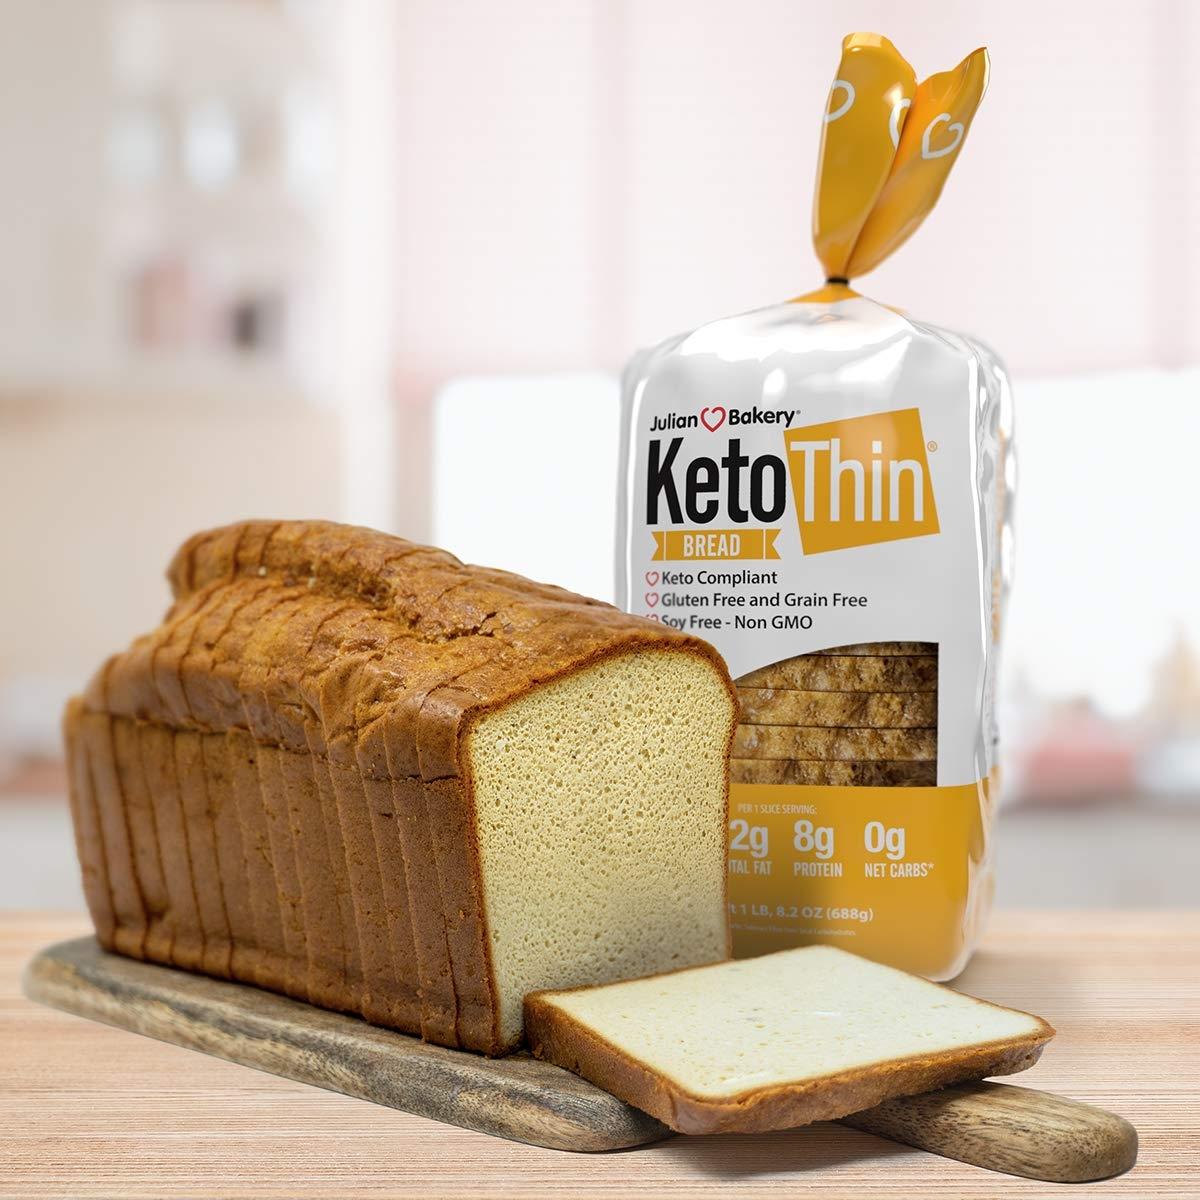 Julian Bakery Keto Thin Bread
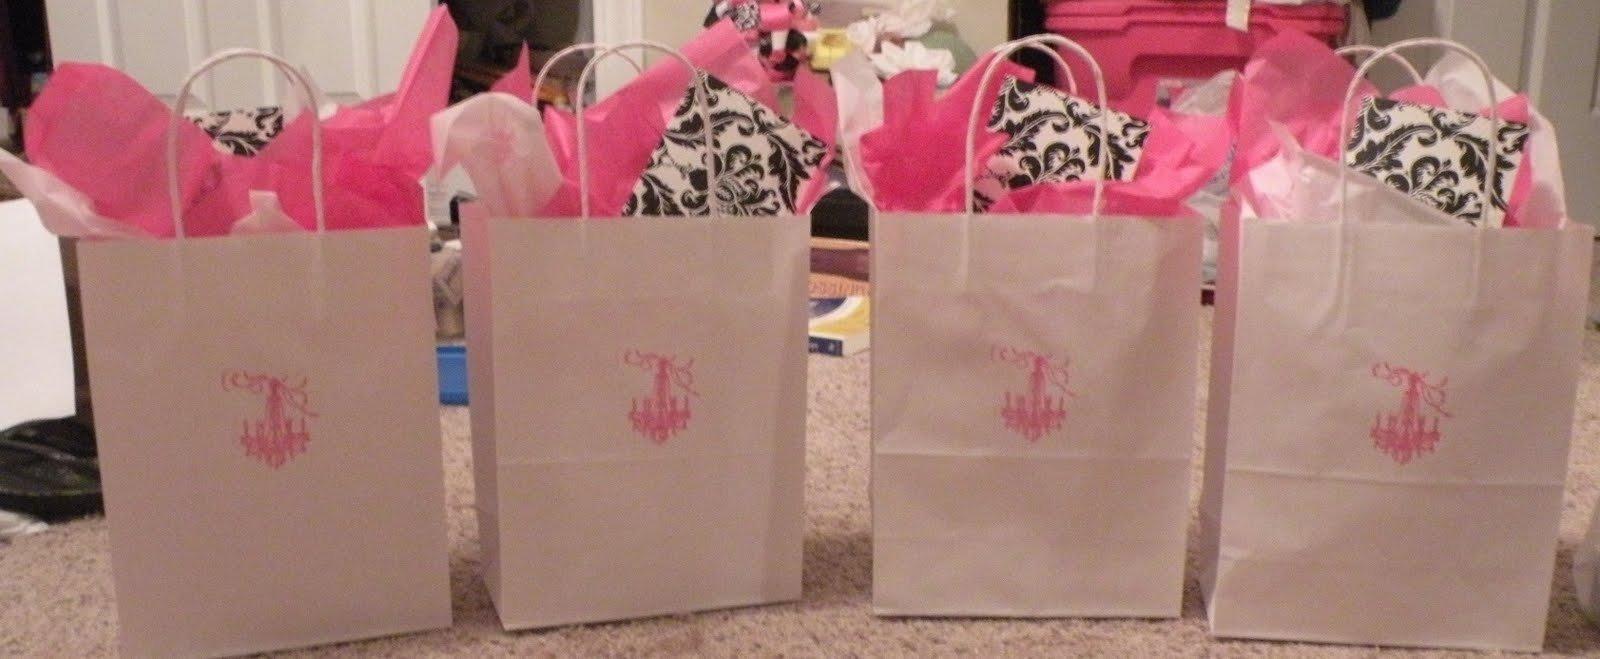 10 Pretty Hostess Gift Ideas For Bridal Shower lucky in love bridal shower hostess gifts 2020
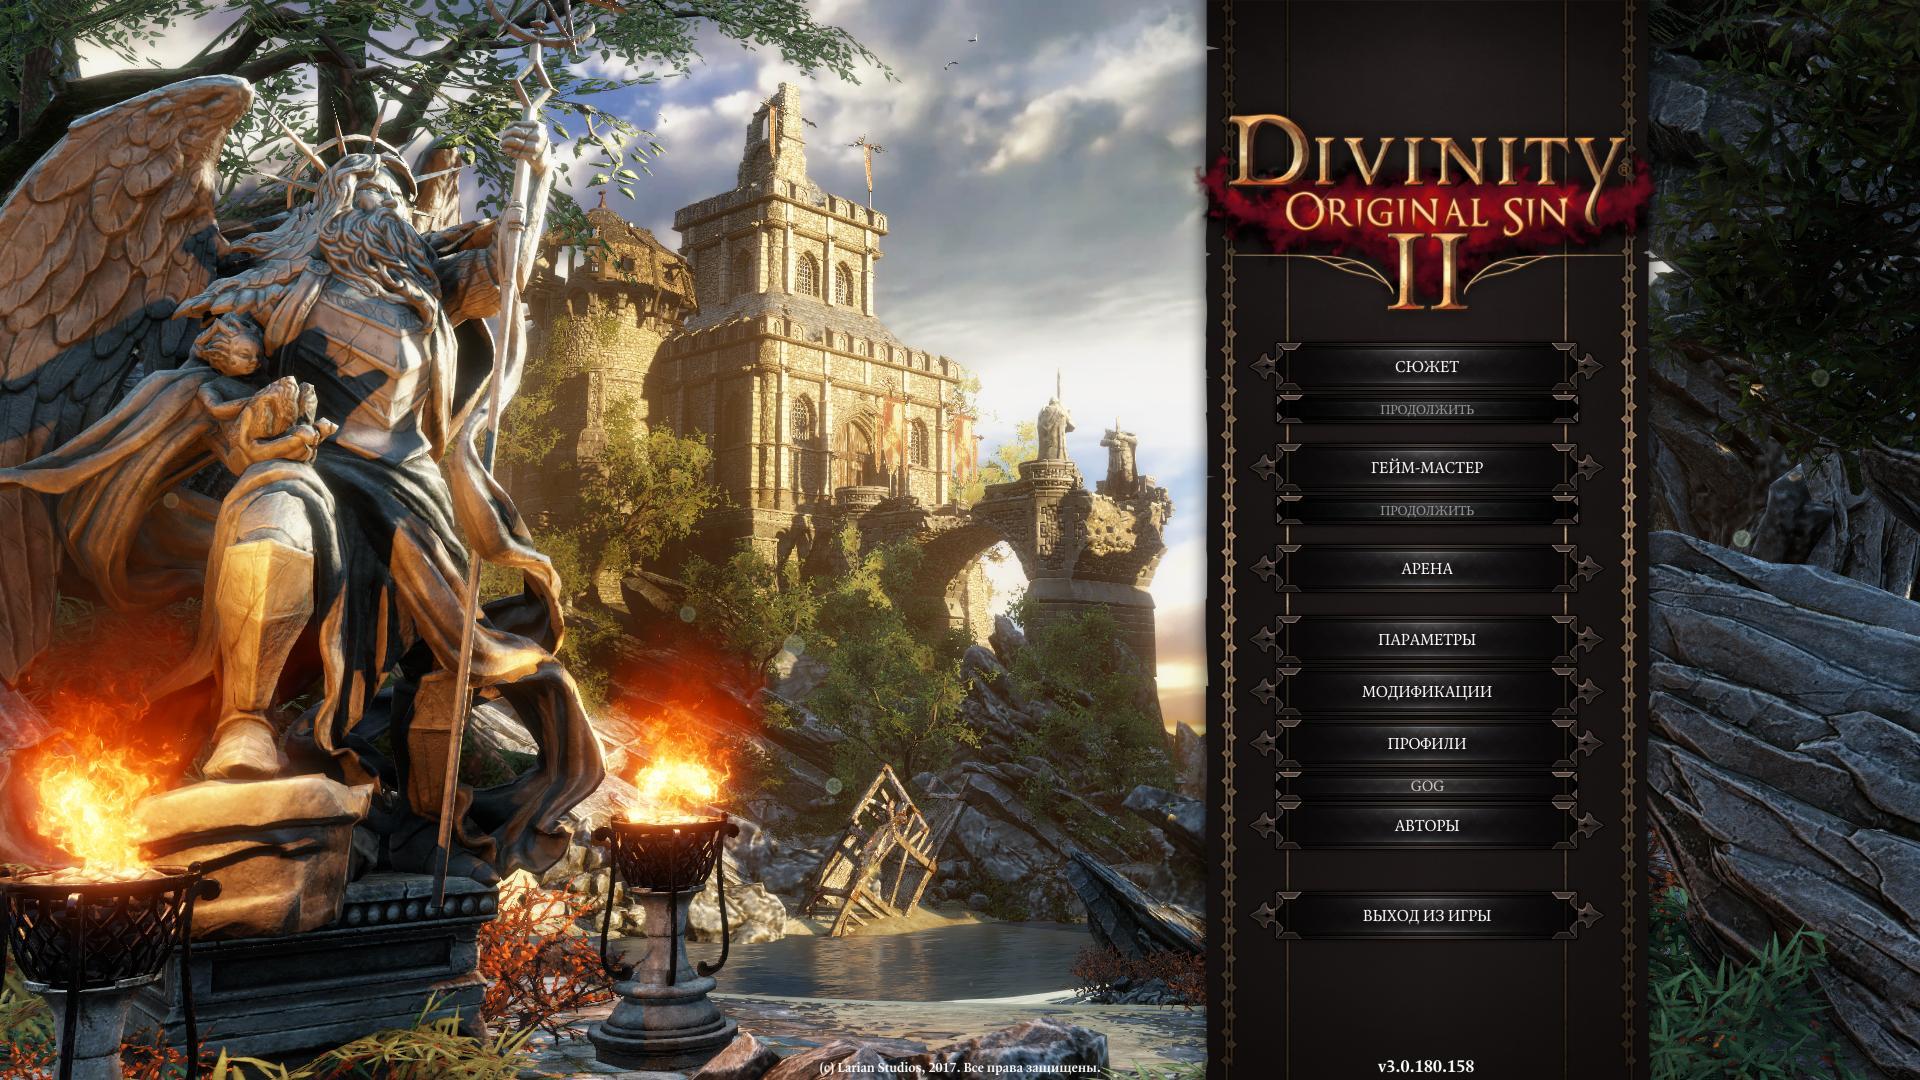 Divinity: Original Sin 2 [v 3.0.180.158] (2017) PC
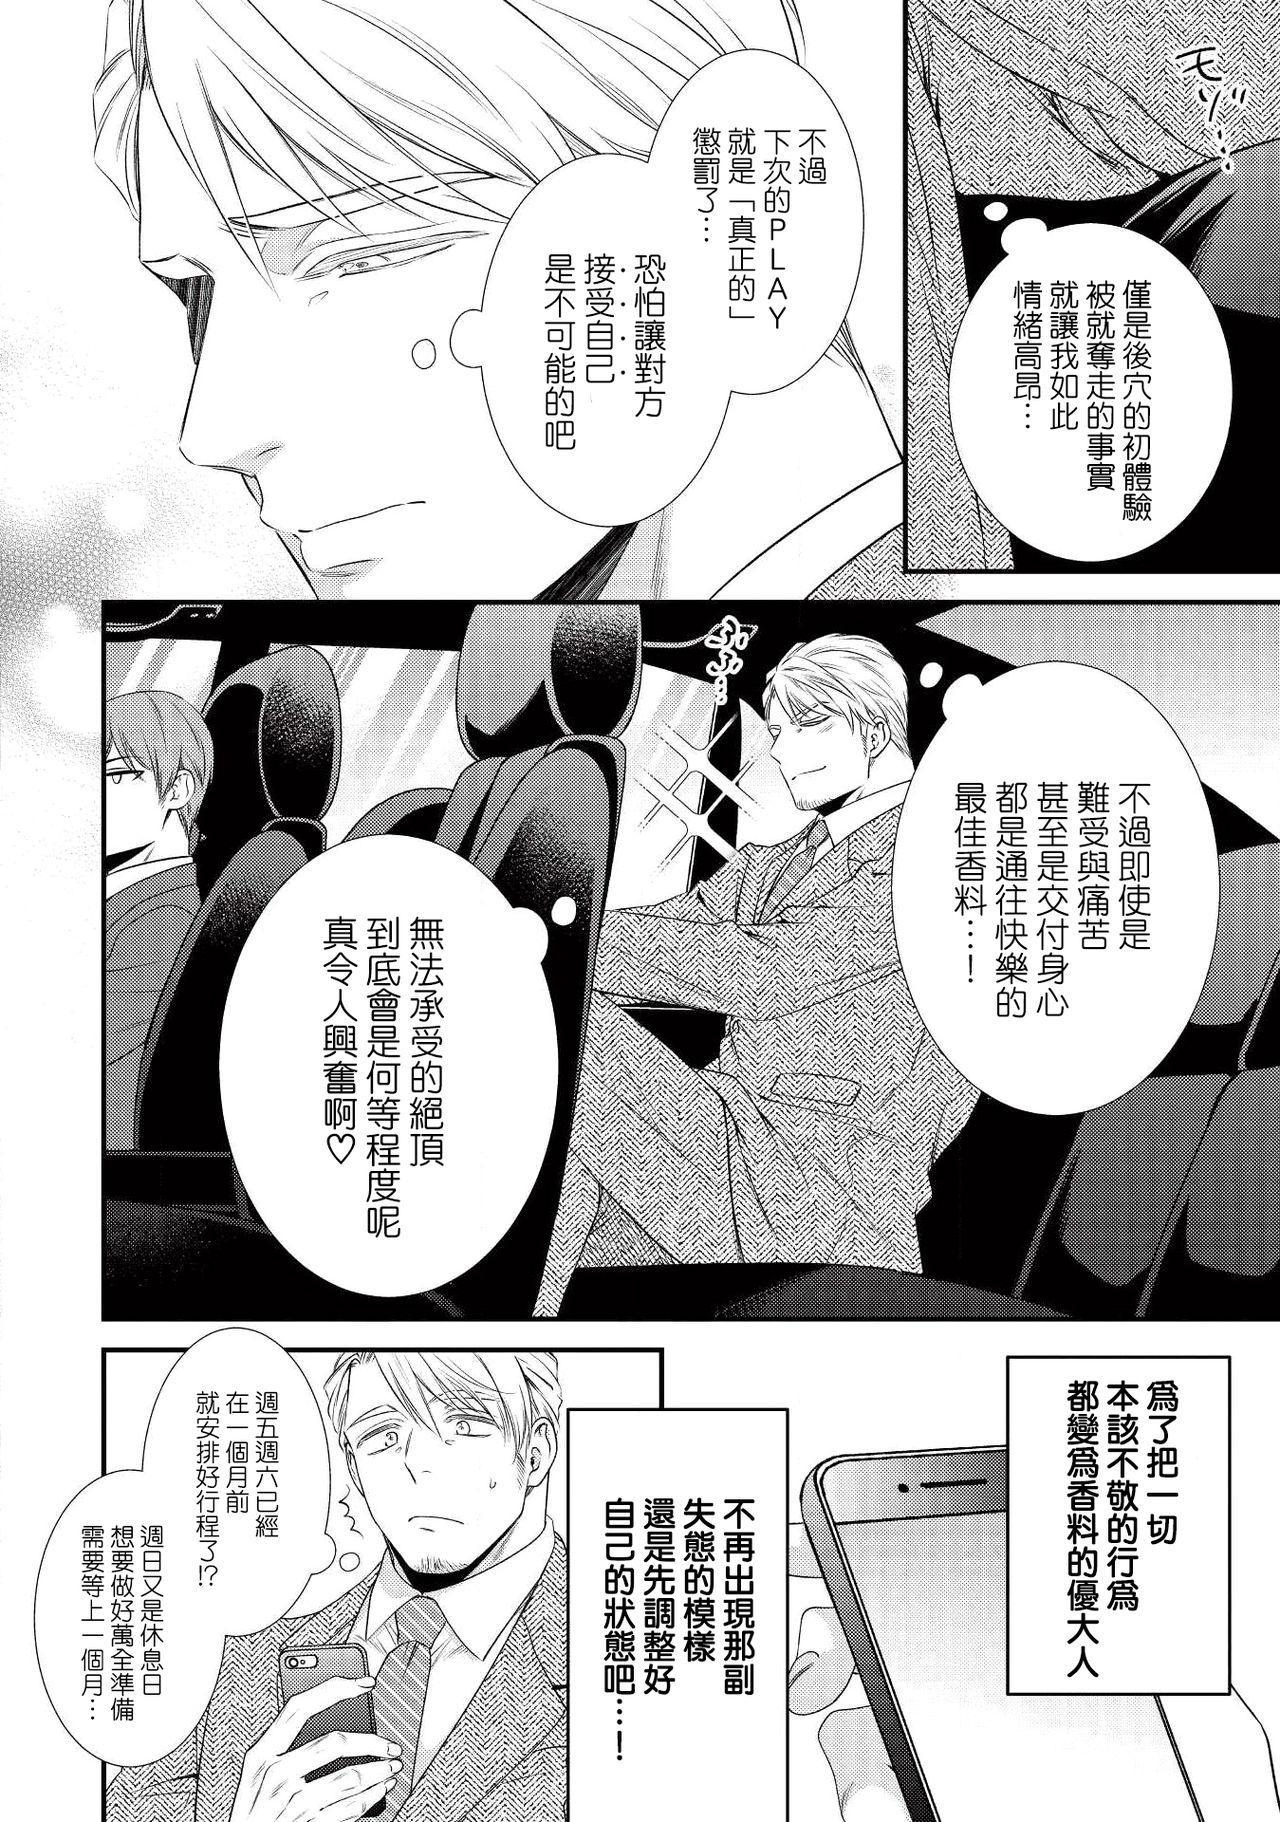 [Aion Kiu] Ijimete Kudasai Omega-sama ch.1-2 [Chinese] [沒有漢化] [Digital] 42
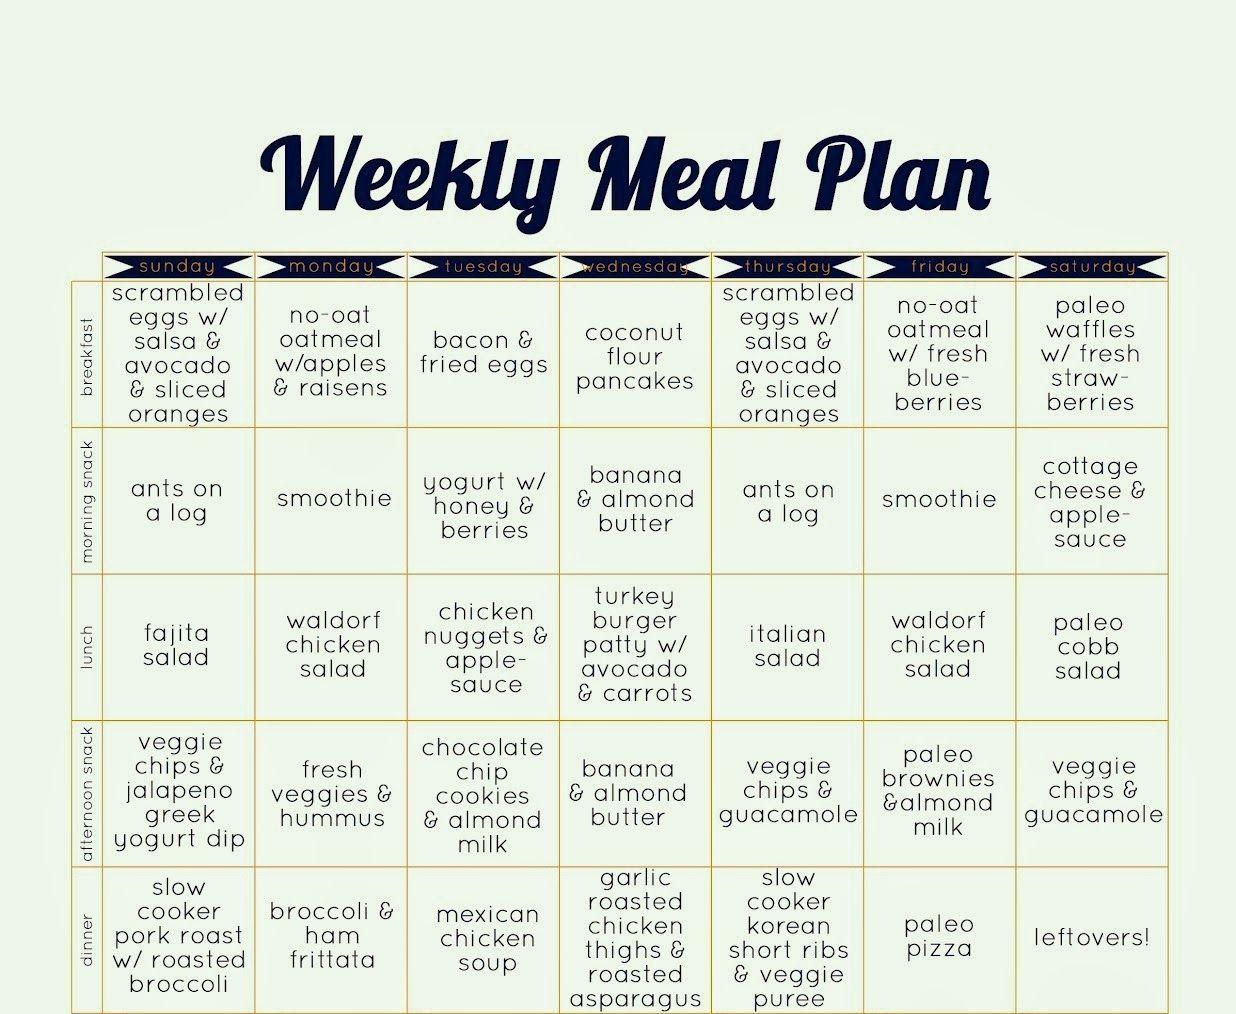 Paleot Meal Plan
* * * * * * * * *
◆ ASSIGNED TASK:
Your copy should hold exactly the lines from the one that contains "Divinity: Original Sin" through the final line of the data, both ends included, and no pictures.

◆ TASK SOLUTION:
 Divinity: Original Sin 2 [v 3.0.180.158] (2017) PC
 [Aion Kiu] Ijimete Kudasai Omega-sama ch.1-2 [Chinese] [沒有漢化] [Digital] 42
 Paleot Meal Plan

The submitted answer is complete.